Segment Open

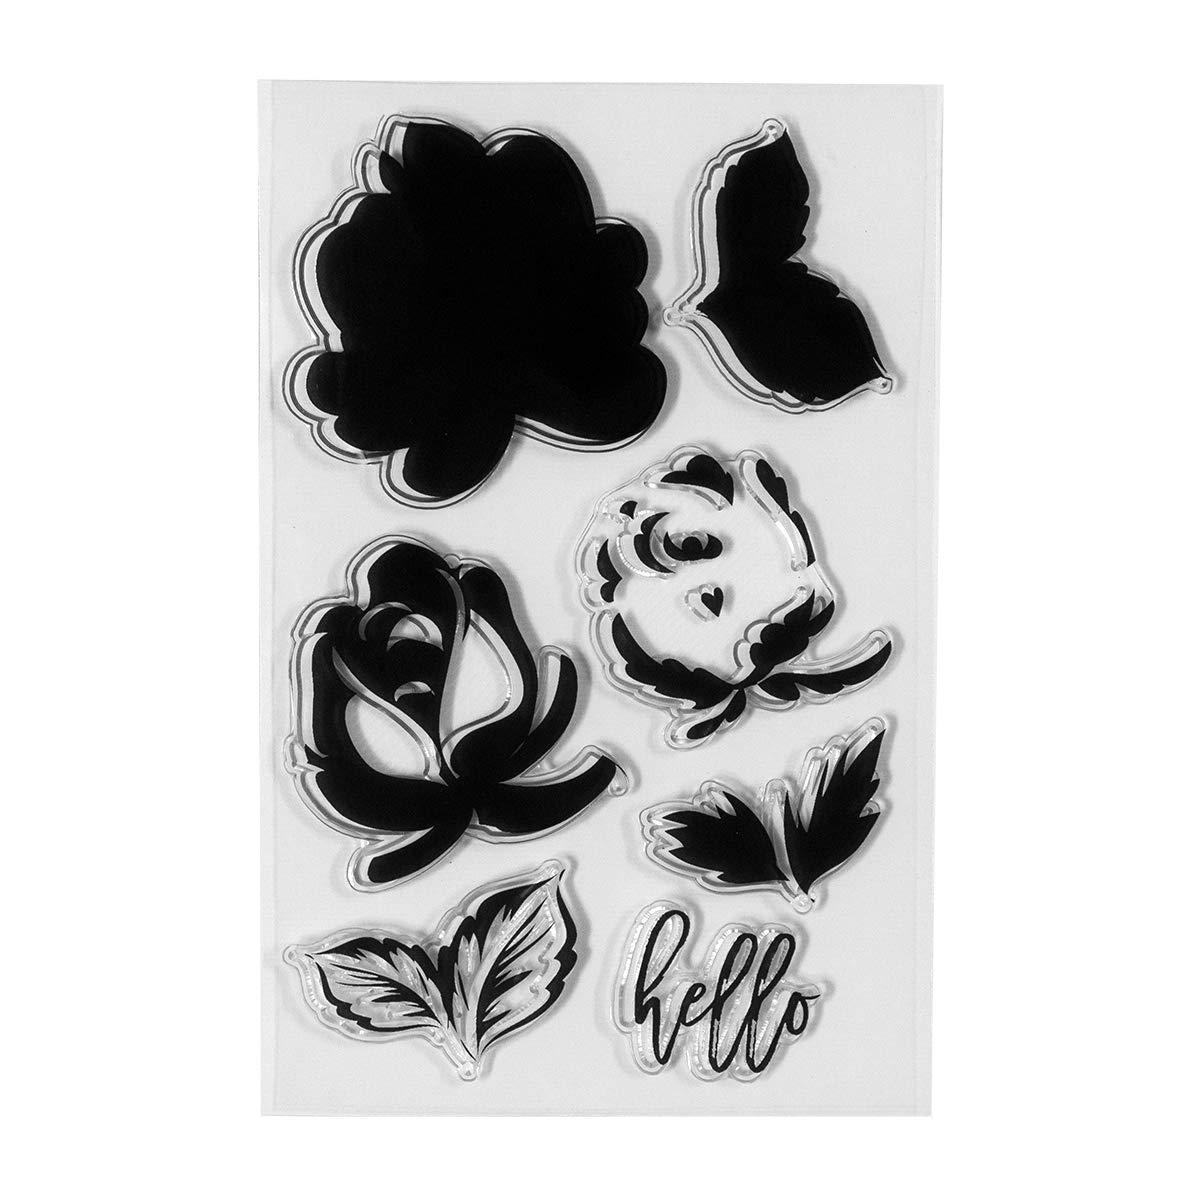 Spellbinders STP-001 Clear Stamp Set Layered Rose
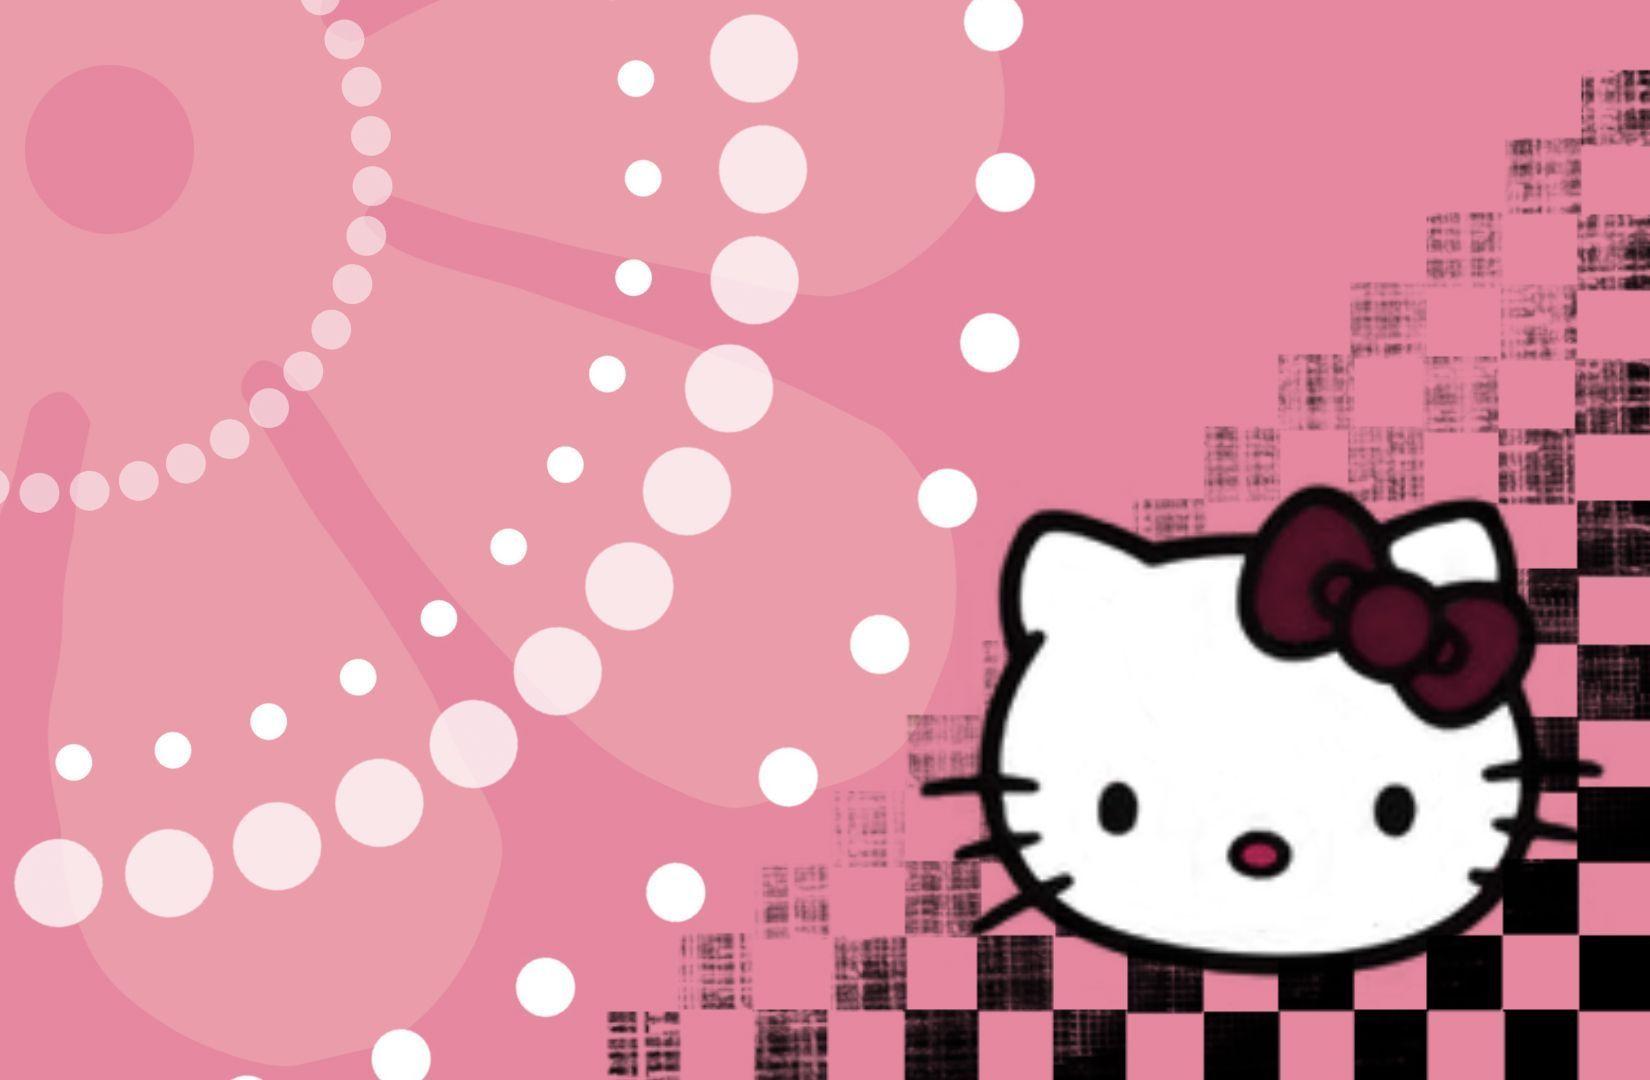 Download Wallpaper Hello Kitty Design - 6b9249163a8b2824ee8cfbb7417238b6  Collection_585819.jpg
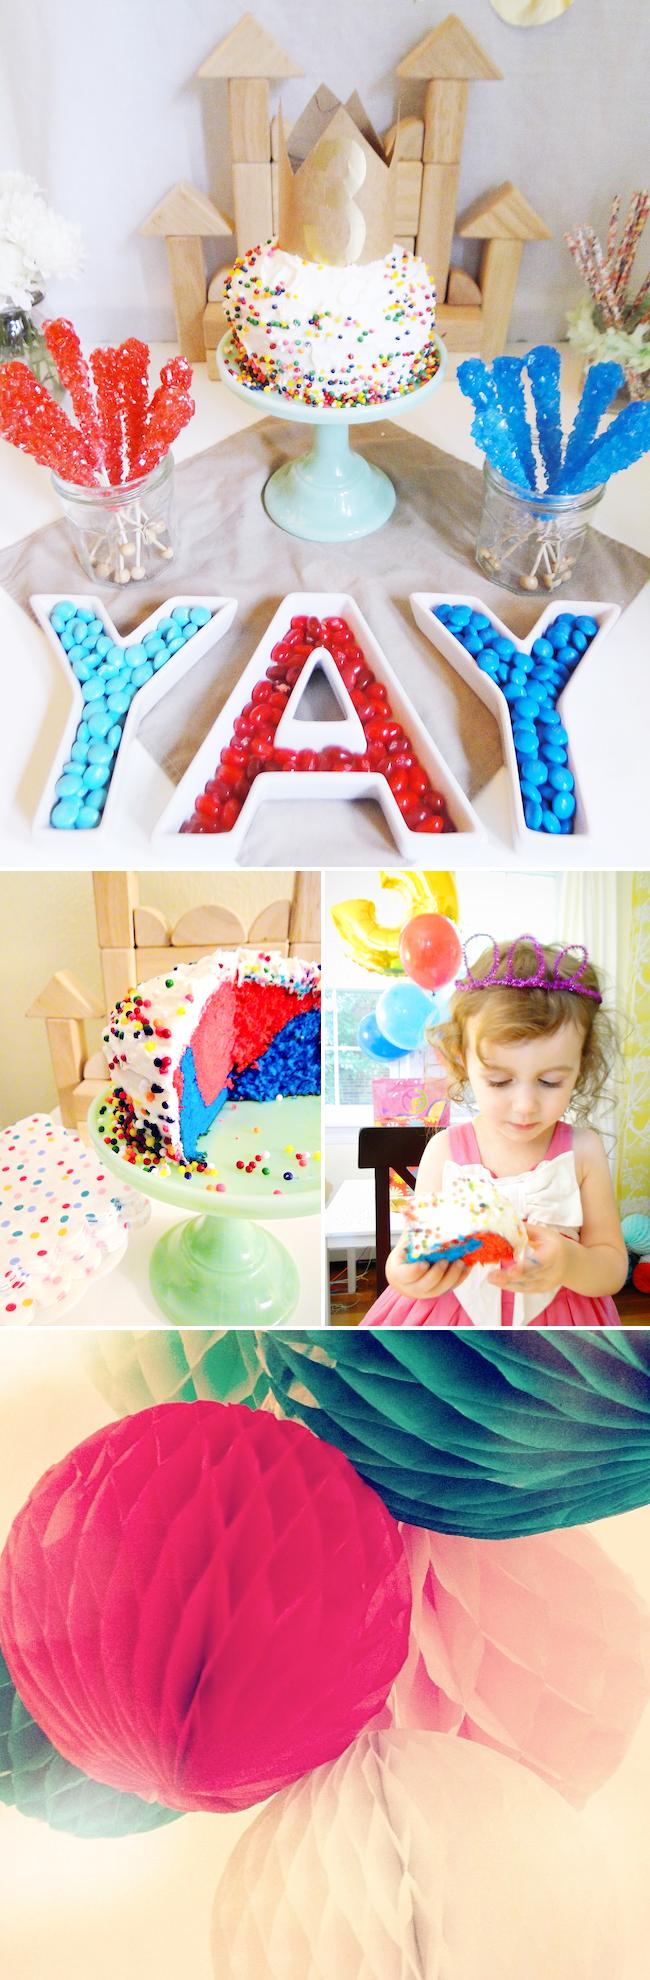 A-Lovely-Lark-Violets-3rd-Birthday

Segment Closed

* What the exercise asks
Apart from the images, retype the full material exactly as written.

* Expected output
 Spellbinders STP-001 Clear Stamp Set Layered Rose
 Download Wallpaper Hello Kitty Design - 6b9249163a8b2824ee8cfbb7417238b6  Collection_585819.jpg
 A-Lovely-Lark-Violets-3rd-Birthday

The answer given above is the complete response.